RECHTBANK LEEUWARDEN
Sector kanton
zaak-/rolnummer: 328556 / CV EXPL 10-4728
vonnis van de kantonrechter d.d. 8 december 2010
[opposant],
hierna te noemen: [opposant],
wonende te [woonplaats],
opposant,
procederende met toevoeging,
gemachtigde: mr. S.L. Elzinga,
de besloten vennootschap
Lindorff B.V.,
hierna te noemen: Lindorff,
gevestigd te Zwolle,
geopposeerde,
gemachtigde: M.G. de Jong, gerechtsdeurwaarders- & incassokantoor.
Procesverloop
1. Op de bij inleidende dagvaarding vermelde gronden heeft Lindorff gevorderd om [opposant] te veroordelen tot betaling van € 4.063,50 met rente en kosten.
Nadat deze vordering bij verstekvonnis van 24 maart 2010 was toegewezen, is [opposant] van dat vonnis op 17 juni 2010 in verzet gekomen en heeft gevorderd te worden ontheven van de veroordeling tegen hem uitgesproken bij voormeld vonnis, met niet-ontvankelijkheid althans afwijzing van de vordering van Lindorff, en met veroordeling van Lindorff in de kosten van het verzet.
Na antwoord in oppositie en repliek in oppositie is vonnis bepaald op de stukken van het geding, waarvan de inhoud als hier ingelast geldt.
Door [opposant] en Lindorff zijn producties in het geding gebracht.
De vaststaande feiten
2. Als gesteld en erkend, dan wel als niet of onvoldoende weersproken, alsmede op grond van de in zoverre onbetwiste inhoud der overgelegde producties staat het volgende vast.
2.1. Op 18 februari 2006 is in de vestiging van BelCompany te Drachten op naam van [opposant] een aanvraagformulier particuliere klant ingevuld voor een overeenkomst inzake het gebruik van het telecommunicatienetwerk van T-Mobile. Op het aanvraagformulier staan de naam van [opposant], alsmede diens adres, postcode en woonplaats vermeld. Bij het afsluiten van de overeenkomst zijn als legitimatiemiddelen de Europese identiteitskaart van [opposant], voorzien van diens foto, en de bankpas van [opposant] gebruikt. Er zijn daarbij kopieën gemaakt van deze legitimatiebewijzen. De overeenkomst betreft een Flex 15 abonnement voor de duur van 24 maanden. Het aanvraagformulier is bij de regel "Handtekening contractant" ondertekend. In het kader van deze overeenkomst heeft T-Mobile een SIM-kaart, een toestel van het merk Samsung, type E530, met een waarde van € 369,99 en het telefoonnummer 06-14046979 ter beschikking gesteld. De ingangsdatum van de overeenkomst was per direct. (Hierna: overeenkomst 1)

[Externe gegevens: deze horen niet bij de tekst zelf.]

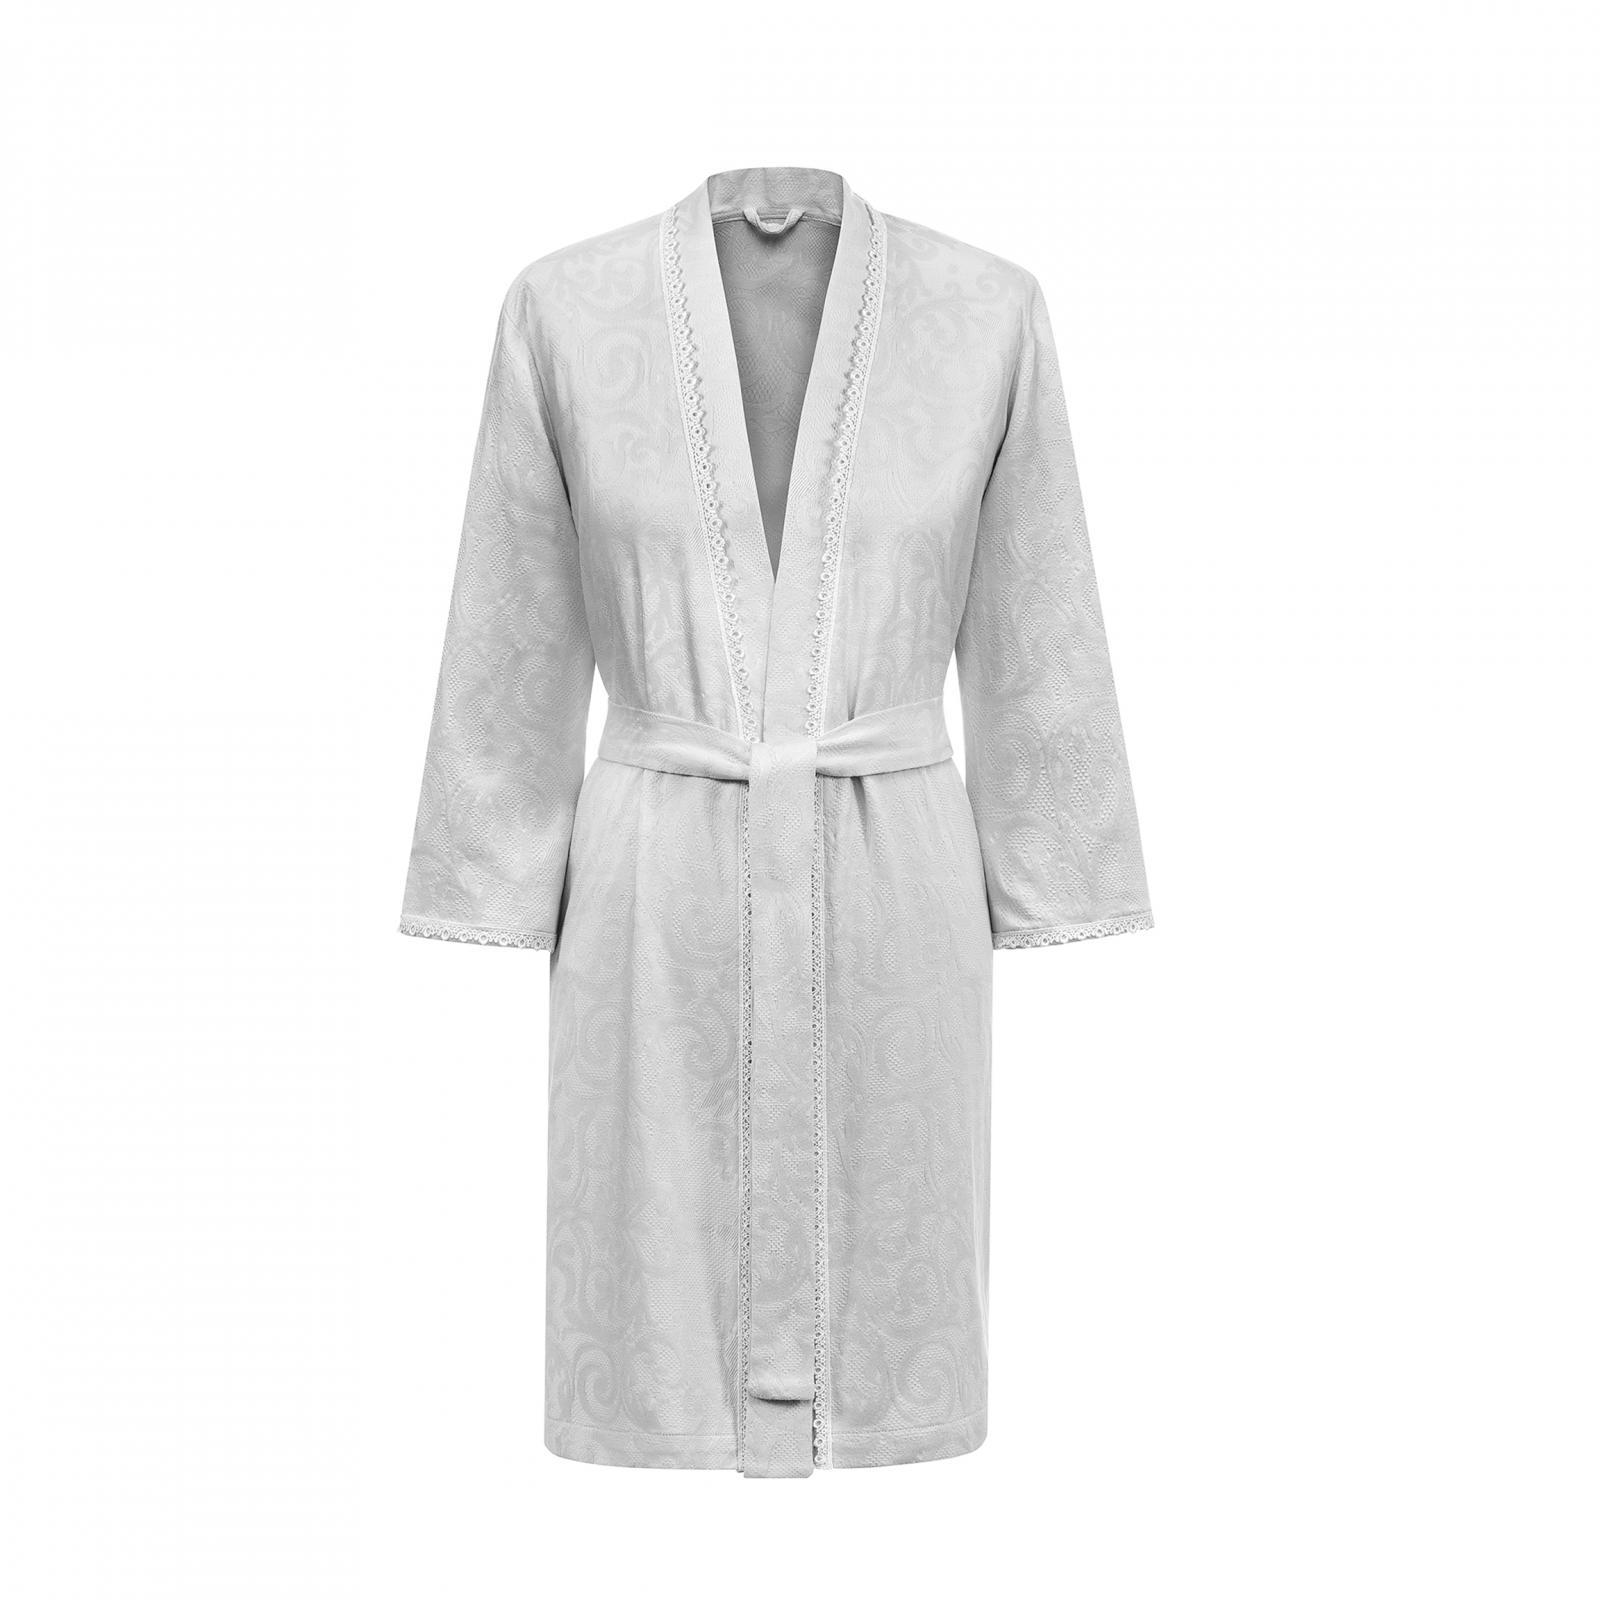 Фото - Халат Togas Дорис серый м /46/ коврик для ванной togas дорис розовое 60x90

2.2. Op 1 april 2006 is in de vestiging van BelCompany te Drachten op naam van [opposant] wederom een aanvraagformulier particuliere klant ingevuld voor een overeenkomst inzake het gebruik van het telecommunicatienetwerk van T-Mobile. Op het aanvraagformulier staan de naam van [opposant], alsmede diens adres, postcode en woonplaats vermeld. Bij het afsluiten van de overeenkomst zijn als legitimatiemiddelen de Europese identiteitskaart van [opposant], voorzien van diens foto, en de bankpas van [opposant] gebruikt. Er zijn daarbij kopieën gemaakt van deze legitimatiebewijzen. De overeenkomst betreft een Relax 150 abonnement voor de duur van 24 maanden. Het aanvraagformulier is bij de regel "Handtekening contractant" ondertekend. In het kader van deze overeenkomst heeft T-Mobile een SIM-kaart, een toestel van het merk Samsung, type D600, met een waarde van € 429,99 en het telefoonnummer 06-41562404 ter beschikking gesteld. De ingangsdatum van de overeenkomst was per direct. (Hierna: overeenkomst 2).
2.3. Op de beide aanvraagformulieren staat ten aanzien van de algemene voorwaarden van T-Mobile vermeld:
"Op deze overeenkomst zijn de algemene voorwaarden T-Mobile Abonnee van toepassing. (…) De algemene en aanvullende voorwaarden vindt u op www.t-mobile.nl en liggen bij T-Mobile ter inzage en kunnen kosteloos opgevraagd worden. Door ondertekening van deze overeenkomst verklaart de klant kennis te hebben genomen van de toepasselijke algemene voorwaarden en zich met de inhoud daarvan te kunnen verenigen. (…)"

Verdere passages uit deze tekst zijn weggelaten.